German bomb disposal experts successfully defused a 1.8-tonne unexploded World War Two bomb in the river Rhine on Sunday, after thousands of residents were evacuated from homes, hospitals and even a prison.
Germany is littered with unexploded U.S. and British bombs. But the British aerial mine defused on Sunday was one of the biggest found in the country, and its defusal caused disruption across the city of Koblenz.
Patients were rolled out of hospitals in wheelchairs and carried out on stretchers, shopping streets in the city centre were sealed off and even a prison was emptied. Sports halls were readied to accommodate residents for several hours.
In total, some 45,000 people were cleared from an area of 1.8 km (1.1 mile) around the bomb.
The bomb was uncovered partly because of a fall in water levels after a dry November. It was in about 40 cm (16 inches) of water and surrounded by 350 sandbags.
Bomb disposal expert Marco Ofenstein said the operation was particularly risky.
"We have a British detonator which was surrounded by water for a long time and the explosives within the detonator react with water over time, which causes a high risk when the detonator is being removed," Ofenstein told Reuters Television.

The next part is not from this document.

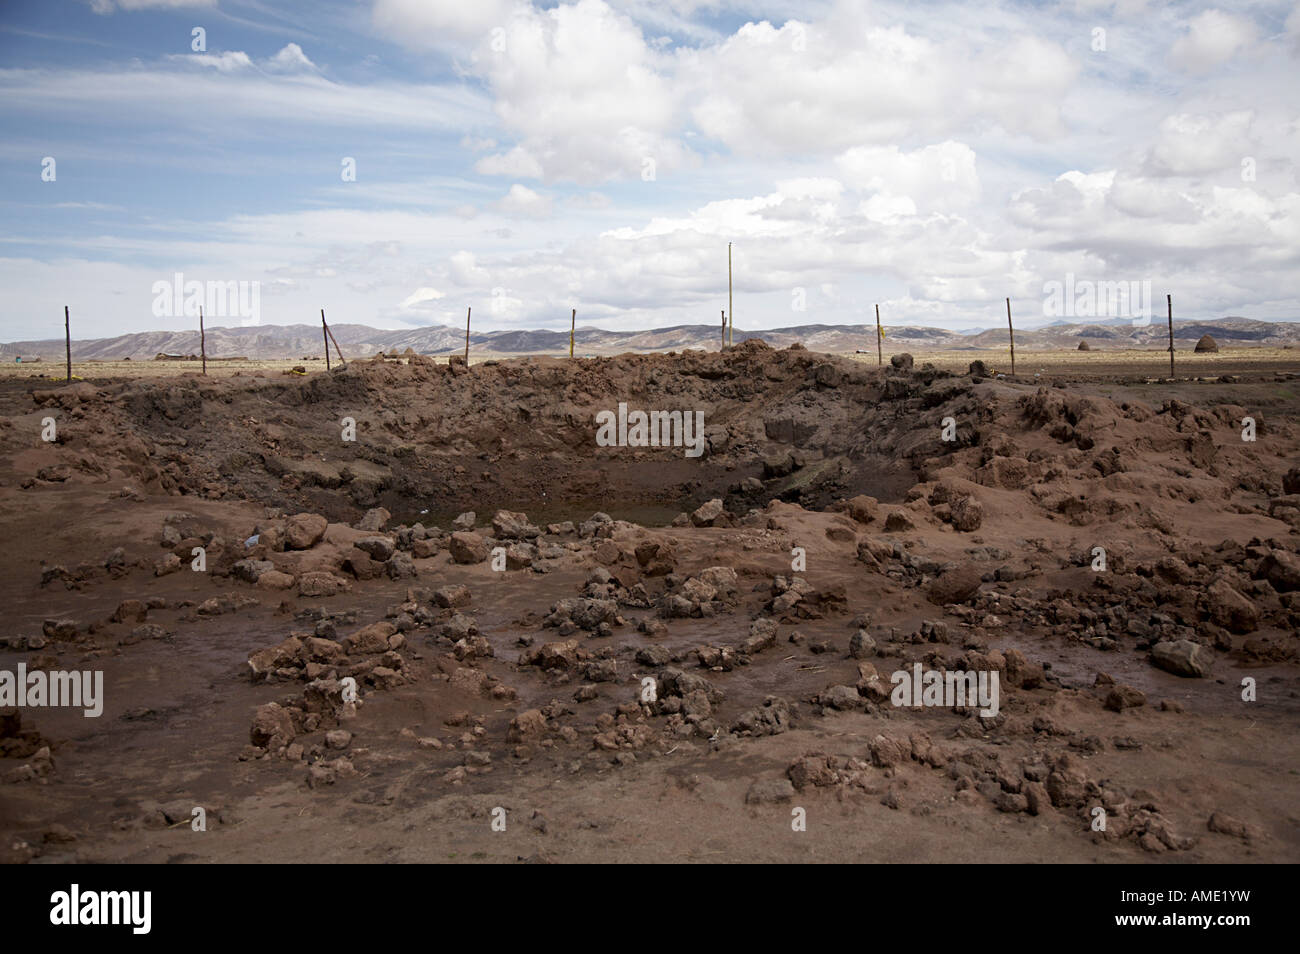 Site of meteorite crash that occurred Sept 15 2007 near the small rural village of Carancas in the Peruvian altiplano. Stock Photo

In response to Nazi air raids on civilian targets in Poland and later London, the Allies dropped about 1.9 million tonnes of bombs on Germany in an effort to cripple German industry. The allied raids killed some 500,000 people.
Koblenz, located in western Germany at the picturesque intersection of the rivers Rhine and Mosel, was a target in 1944 and 1945. Most of the city was destroyed.